A FIGHT TO THE DEATH

2009 was a year in which the biotech industry, Gates and their US Administration allies did everything in their power to drive the world down the GM road, but it was also a year marked by remarkable global resistance. It was a year too in which the truth emerged more clearly than ever about not just the severe limitations and risks of GM crops, but the viability of the many positive alternatives to GMOs - alternatives from which the profit-driven GM-fixation diverts much needed attention and resources.

The scene had been set in 2008 with the IAASTD report, produced by 400 scientific experts and signed up to by some 60 governments. That made it clear that after more than 10 years of commercialisation, GM crops had done nothing to help with the eradication of hunger or poverty, or the reversal of the environmental degradation caused by agriculture.

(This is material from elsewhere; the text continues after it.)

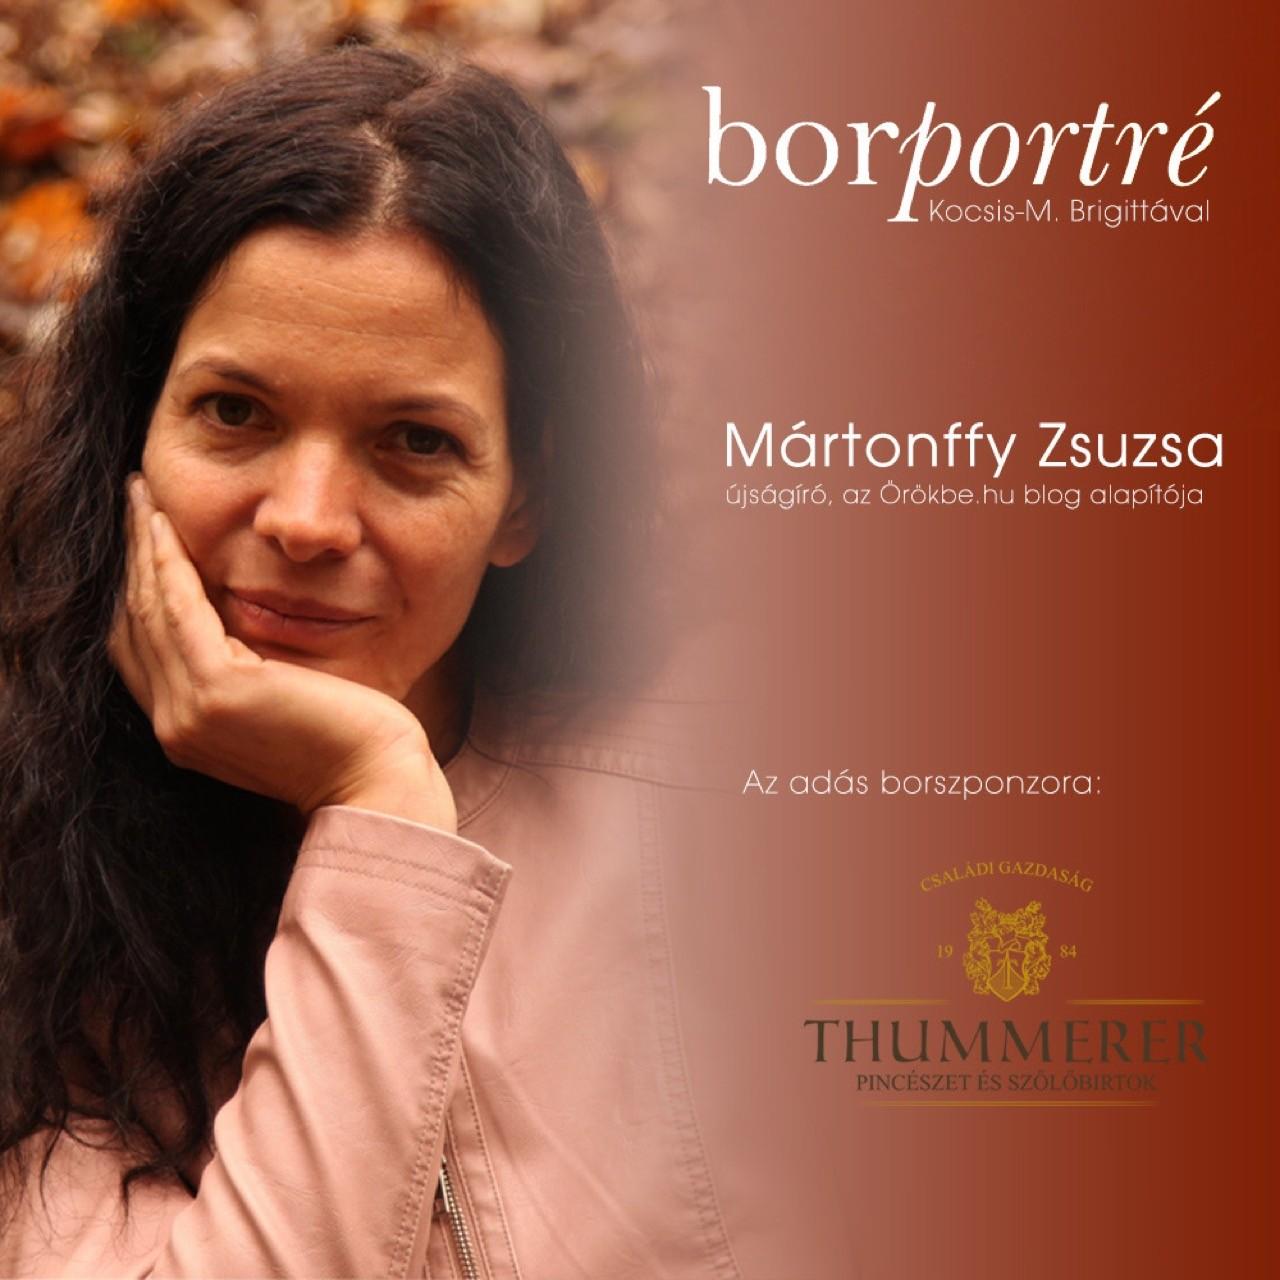 borportre_2020_11_11_martonffy_zsuzsa_orokbefogadas_thummerer_kocka

The IAASTD instead championed as the way forward: agro-ecological farming, and research conducted by the UN Environment Programme also suggested organic, small-scale farming could deliver increased yields without the accompanying environmental and social damage of industrial farming. The UNEP's analysis of 114 projects in 24 African countries found that yields had more than doubled where organic, or near-organic practices had been used. In 2009 the contribution of such sustainable approaches to cooling the planet was also widely acknowledged while news of Monsanto's attempts to dress up environmentally destructive GM monocultures as climate friendly earned it a worst lobbying award.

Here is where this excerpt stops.